My advice would be to ignore it, rather like the flashes of the screen changes you'll soon find you don't notice it. The discrepancy between your and your wife's Kindles may be a slight variable in build, or may be due to different books (if the book takes longer to load it may give the screen time to refresh) or it may be related to temperature if they're kept in different places - the Kindle slows down significantly when it's cold.

(Techie bit...)

The e-ink screen is made up of an array (600 x 800) of tiny clear dots each of which contains black and white ink particles, and it moves these to the top and bottom by means of an electric charge:









If the screen is just switched (as, for example, when you go up and down the menu), not all of the particles move so you get grey left behind (hence the ghosting).
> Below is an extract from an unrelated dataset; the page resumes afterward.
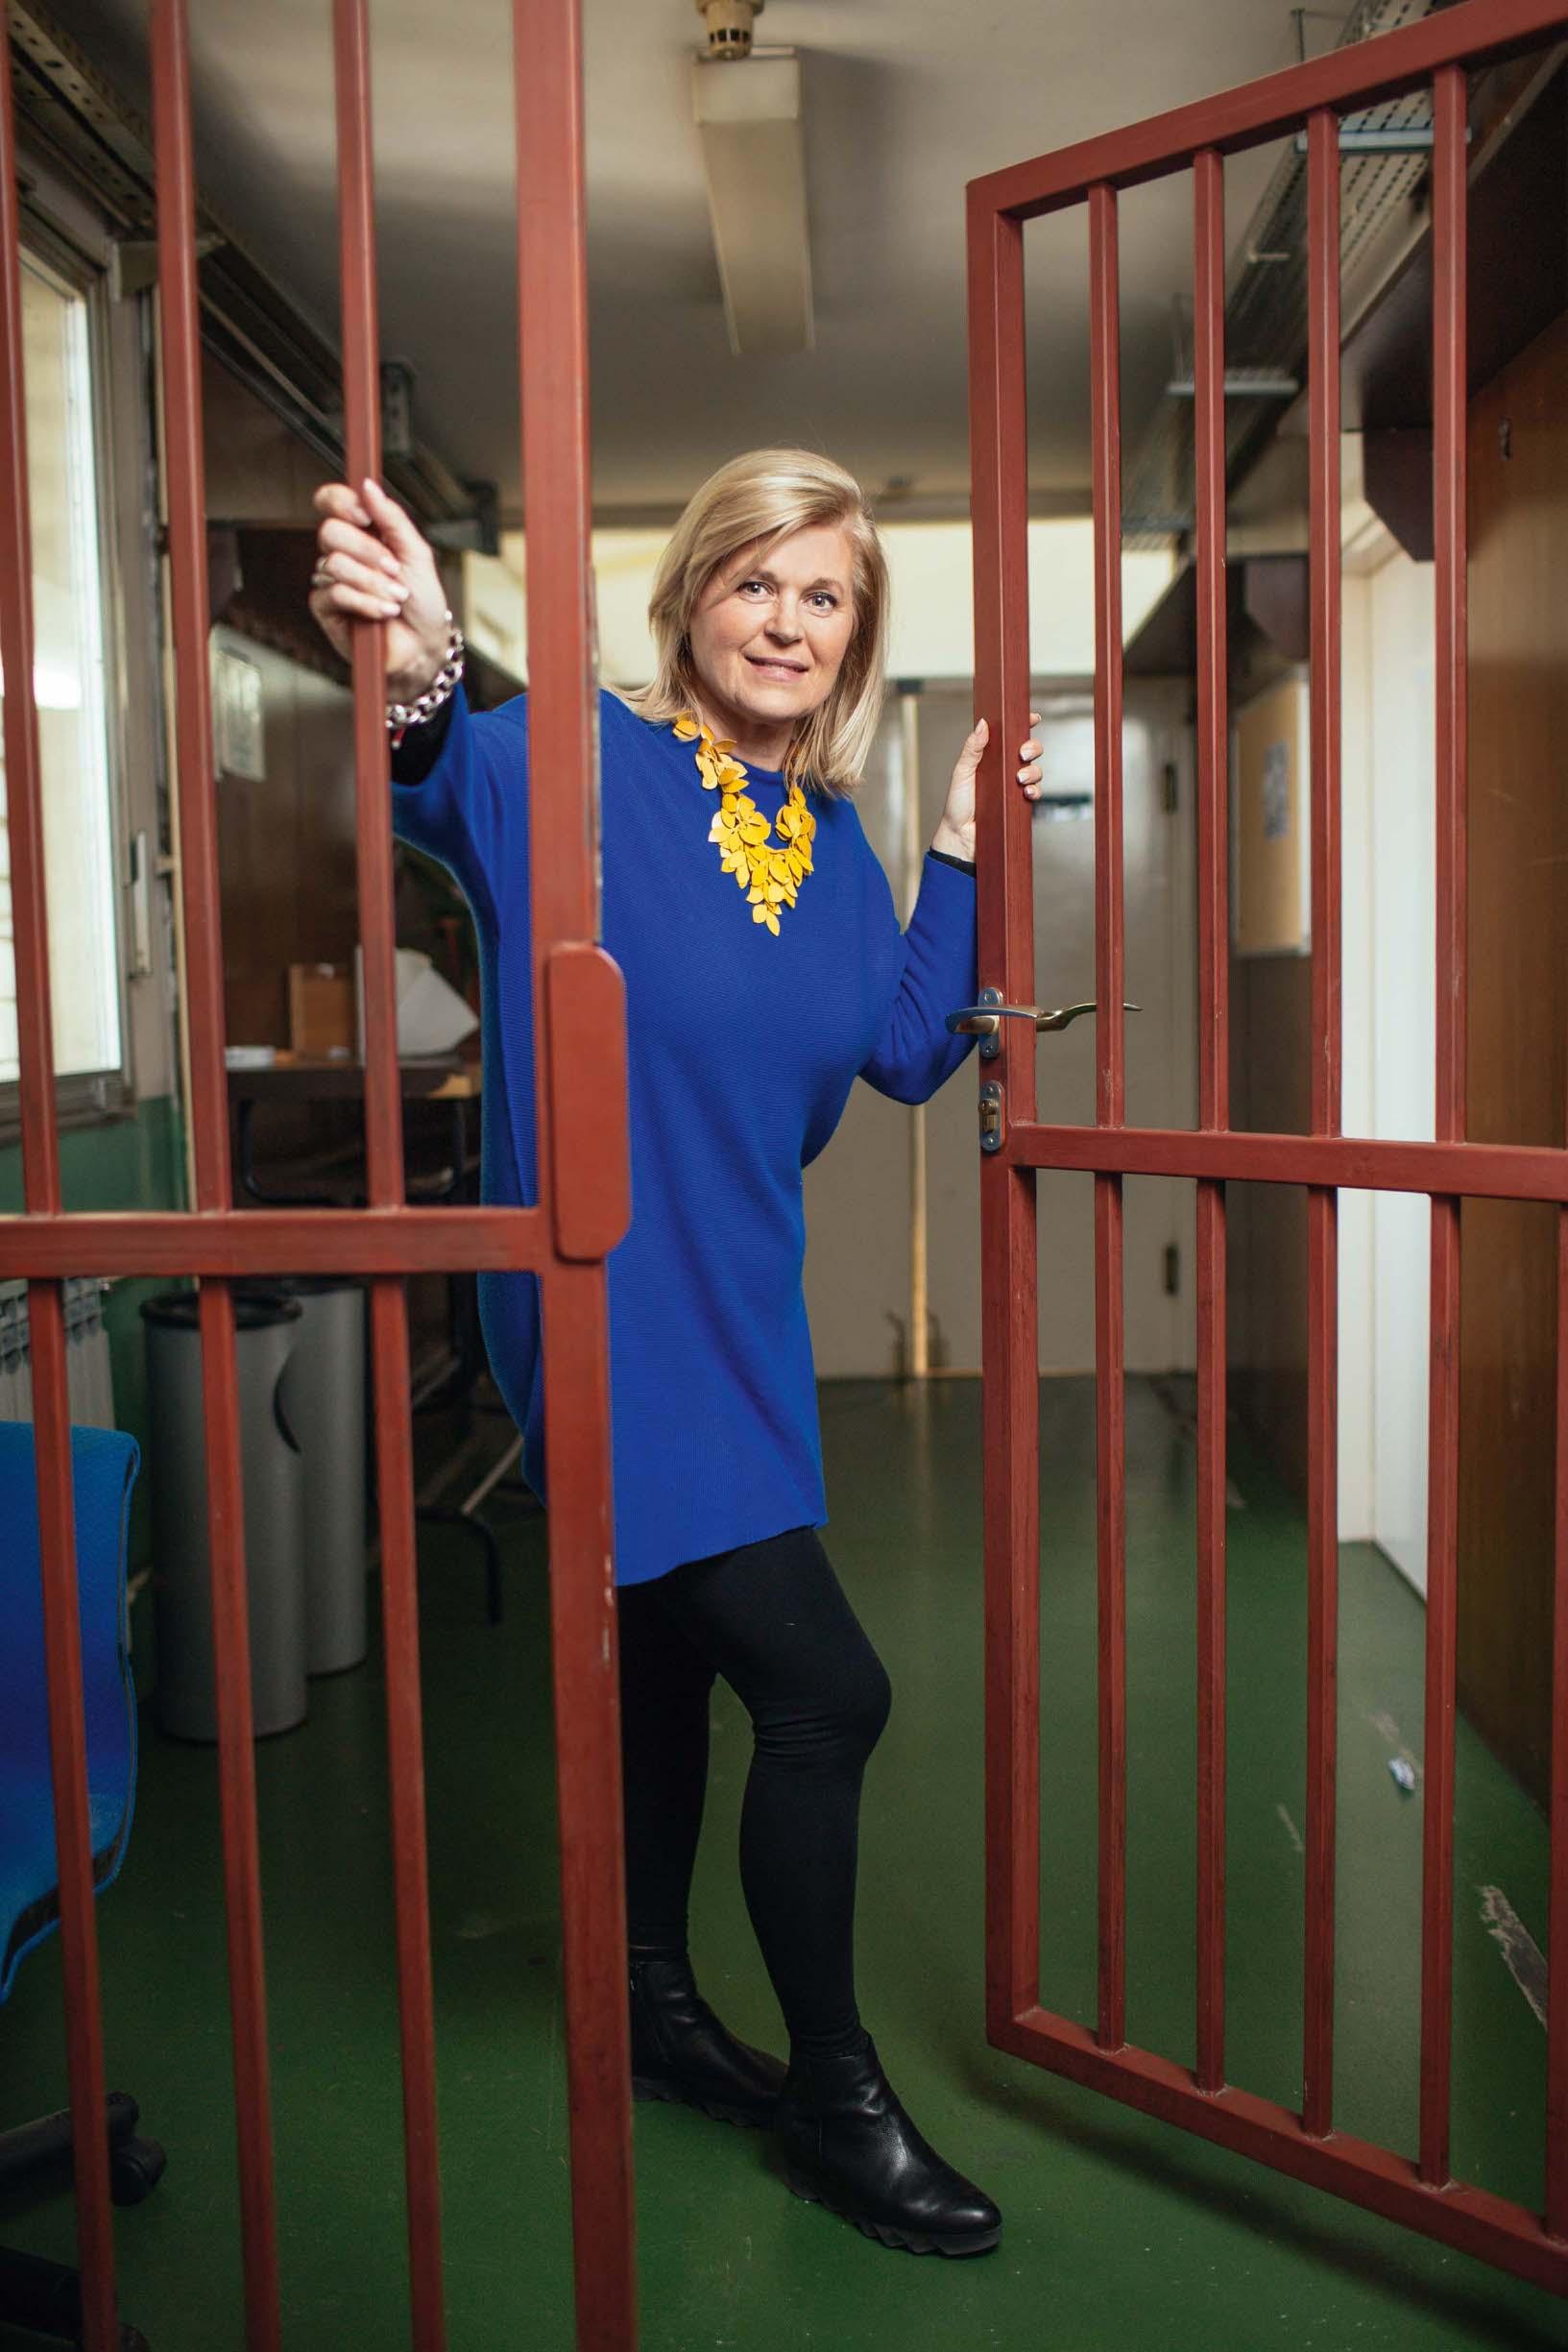 Alis Marić, jedina osoba koja s entuzijazmom ulazi u zatvorsku ustanovu

When the Kindle does a page change, it actually does 2 or three changes and displays a negative image for a moment - this is why you see a white/black/white flash. The negative image is there to push the pigment around so that more of it moves than would do with a normal screen change. Effectively it bounces all the ink particles bottom to top to bottom and then puts them where it wants them.

Clearly here with the black bar it's not working quite perfectly, possibly because the line is still being displayed as the book opens ie it goes from the underline of the title, then you click to select, it puts up the black bar and loads the book, so there are a lot of screen changes going on very quickly.

Makes you feel sorry for the ink particles!


----------